WHAT IS REQUIRED: Retype each of the entries below exactly as written.

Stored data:
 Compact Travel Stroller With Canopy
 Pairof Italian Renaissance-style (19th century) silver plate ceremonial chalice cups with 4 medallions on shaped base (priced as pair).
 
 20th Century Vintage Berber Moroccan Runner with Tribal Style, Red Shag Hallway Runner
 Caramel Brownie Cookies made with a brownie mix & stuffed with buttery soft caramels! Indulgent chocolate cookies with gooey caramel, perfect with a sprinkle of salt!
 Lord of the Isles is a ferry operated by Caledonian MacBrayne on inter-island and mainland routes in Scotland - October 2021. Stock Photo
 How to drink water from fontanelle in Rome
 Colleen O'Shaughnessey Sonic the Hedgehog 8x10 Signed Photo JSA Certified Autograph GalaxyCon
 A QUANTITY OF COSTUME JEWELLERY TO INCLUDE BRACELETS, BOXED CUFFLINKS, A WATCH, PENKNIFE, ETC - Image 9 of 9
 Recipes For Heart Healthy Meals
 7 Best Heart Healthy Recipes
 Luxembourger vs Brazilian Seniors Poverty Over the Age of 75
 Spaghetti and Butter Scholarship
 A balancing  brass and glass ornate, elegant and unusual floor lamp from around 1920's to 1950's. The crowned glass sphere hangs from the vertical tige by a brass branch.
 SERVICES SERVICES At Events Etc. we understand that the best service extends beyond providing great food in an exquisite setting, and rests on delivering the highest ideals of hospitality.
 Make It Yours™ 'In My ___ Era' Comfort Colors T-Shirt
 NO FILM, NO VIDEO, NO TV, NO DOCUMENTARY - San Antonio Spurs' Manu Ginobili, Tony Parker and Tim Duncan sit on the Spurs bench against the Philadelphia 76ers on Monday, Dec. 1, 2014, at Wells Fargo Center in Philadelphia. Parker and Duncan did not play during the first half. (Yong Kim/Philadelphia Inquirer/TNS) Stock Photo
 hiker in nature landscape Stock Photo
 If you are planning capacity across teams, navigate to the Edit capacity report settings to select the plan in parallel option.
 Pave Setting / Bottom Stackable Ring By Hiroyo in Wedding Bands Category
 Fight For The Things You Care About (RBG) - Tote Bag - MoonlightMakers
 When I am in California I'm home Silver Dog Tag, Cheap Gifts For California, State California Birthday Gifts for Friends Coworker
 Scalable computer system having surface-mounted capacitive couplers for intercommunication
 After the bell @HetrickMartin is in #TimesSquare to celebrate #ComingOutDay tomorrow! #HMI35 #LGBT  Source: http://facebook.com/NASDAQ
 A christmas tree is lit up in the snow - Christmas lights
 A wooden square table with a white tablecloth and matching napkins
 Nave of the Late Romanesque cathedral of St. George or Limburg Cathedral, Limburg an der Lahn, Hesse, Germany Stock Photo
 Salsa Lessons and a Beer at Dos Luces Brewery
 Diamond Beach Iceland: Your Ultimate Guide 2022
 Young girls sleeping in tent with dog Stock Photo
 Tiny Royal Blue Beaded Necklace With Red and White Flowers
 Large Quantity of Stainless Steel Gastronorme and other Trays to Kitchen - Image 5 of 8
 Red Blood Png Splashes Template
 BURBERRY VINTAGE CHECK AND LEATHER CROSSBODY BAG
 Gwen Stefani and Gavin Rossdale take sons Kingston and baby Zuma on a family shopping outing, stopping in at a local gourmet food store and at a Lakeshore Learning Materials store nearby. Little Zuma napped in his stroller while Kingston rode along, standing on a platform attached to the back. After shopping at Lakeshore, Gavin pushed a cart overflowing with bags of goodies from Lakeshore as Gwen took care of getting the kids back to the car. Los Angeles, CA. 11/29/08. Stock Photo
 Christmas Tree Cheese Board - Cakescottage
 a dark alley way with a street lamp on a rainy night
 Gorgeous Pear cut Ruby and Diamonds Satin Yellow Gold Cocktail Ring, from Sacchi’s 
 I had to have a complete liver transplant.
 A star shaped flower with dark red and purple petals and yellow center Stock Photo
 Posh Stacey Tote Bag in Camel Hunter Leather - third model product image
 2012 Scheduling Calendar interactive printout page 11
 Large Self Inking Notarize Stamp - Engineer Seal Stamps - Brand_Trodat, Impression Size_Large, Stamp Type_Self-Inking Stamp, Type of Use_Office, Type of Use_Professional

RESPONSE BELOW:
 Compact Travel Stroller With Canopy
 Pairof Italian Renaissance-style (19th century) silver plate ceremonial chalice cups with 4 medallions on shaped base (priced as pair).
 
 20th Century Vintage Berber Moroccan Runner with Tribal Style, Red Shag Hallway Runner
 Caramel Brownie Cookies made with a brownie mix & stuffed with buttery soft caramels! Indulgent chocolate cookies with gooey caramel, perfect with a sprinkle of salt!
 Lord of the Isles is a ferry operated by Caledonian MacBrayne on inter-island and mainland routes in Scotland - October 2021. Stock Photo
 How to drink water from fontanelle in Rome
 Colleen O'Shaughnessey Sonic the Hedgehog 8x10 Signed Photo JSA Certified Autograph GalaxyCon
 A QUANTITY OF COSTUME JEWELLERY TO INCLUDE BRACELETS, BOXED CUFFLINKS, A WATCH, PENKNIFE, ETC - Image 9 of 9
 Recipes For Heart Healthy Meals
 7 Best Heart Healthy Recipes
 Luxembourger vs Brazilian Seniors Poverty Over the Age of 75
 Spaghetti and Butter Scholarship
 A balancing  brass and glass ornate, elegant and unusual floor lamp from around 1920's to 1950's. The crowned glass sphere hangs from the vertical tige by a brass branch.
 SERVICES SERVICES At Events Etc. we understand that the best service extends beyond providing great food in an exquisite setting, and rests on delivering the highest ideals of hospitality.
 Make It Yours™ 'In My ___ Era' Comfort Colors T-Shirt
 NO FILM, NO VIDEO, NO TV, NO DOCUMENTARY - San Antonio Spurs' Manu Ginobili, Tony Parker and Tim Duncan sit on the Spurs bench against the Philadelphia 76ers on Monday, Dec. 1, 2014, at Wells Fargo Center in Philadelphia. Parker and Duncan did not play during the first half. (Yong Kim/Philadelphia Inquirer/TNS) Stock Photo
 hiker in nature landscape Stock Photo
 If you are planning capacity across teams, navigate to the Edit capacity report settings to select the plan in parallel option.
 Pave Setting / Bottom Stackable Ring By Hiroyo in Wedding Bands Category
 Fight For The Things You Care About (RBG) - Tote Bag - MoonlightMakers
 When I am in California I'm home Silver Dog Tag, Cheap Gifts For California, State California Birthday Gifts for Friends Coworker
 Scalable computer system having surface-mounted capacitive couplers for intercommunication
 After the bell @HetrickMartin is in #TimesSquare to celebrate #ComingOutDay tomorrow! #HMI35 #LGBT  Source: http://facebook.com/NASDAQ
 A christmas tree is lit up in the snow - Christmas lights
 A wooden square table with a white tablecloth and matching napkins
 Nave of the Late Romanesque cathedral of St. George or Limburg Cathedral, Limburg an der Lahn, Hesse, Germany Stock Photo
 Salsa Lessons and a Beer at Dos Luces Brewery
 Diamond Beach Iceland: Your Ultimate Guide 2022
 Young girls sleeping in tent with dog Stock Photo
 Tiny Royal Blue Beaded Necklace With Red and White Flowers
 Large Quantity of Stainless Steel Gastronorme and other Trays to Kitchen - Image 5 of 8
 Red Blood Png Splashes Template
 BURBERRY VINTAGE CHECK AND LEATHER CROSSBODY BAG
 Gwen Stefani and Gavin Rossdale take sons Kingston and baby Zuma on a family shopping outing, stopping in at a local gourmet food store and at a Lakeshore Learning Materials store nearby. Little Zuma napped in his stroller while Kingston rode along, standing on a platform attached to the back. After shopping at Lakeshore, Gavin pushed a cart overflowing with bags of goodies from Lakeshore as Gwen took care of getting the kids back to the car. Los Angeles, CA. 11/29/08. Stock Photo
 Christmas Tree Cheese Board - Cakescottage
 a dark alley way with a street lamp on a rainy night
 Gorgeous Pear cut Ruby and Diamonds Satin Yellow Gold Cocktail Ring, from Sacchi’s 
 I had to have a complete liver transplant.
 A star shaped flower with dark red and purple petals and yellow center Stock Photo
 Posh Stacey Tote Bag in Camel Hunter Leather - third model product image
 2012 Scheduling Calendar interactive printout page 11
 Large Self Inking Notarize Stamp - Engineer Seal Stamps - Brand_Trodat, Impression Size_Large, Stamp Type_Self-Inking Stamp, Type of Use_Office, Type of Use_Professional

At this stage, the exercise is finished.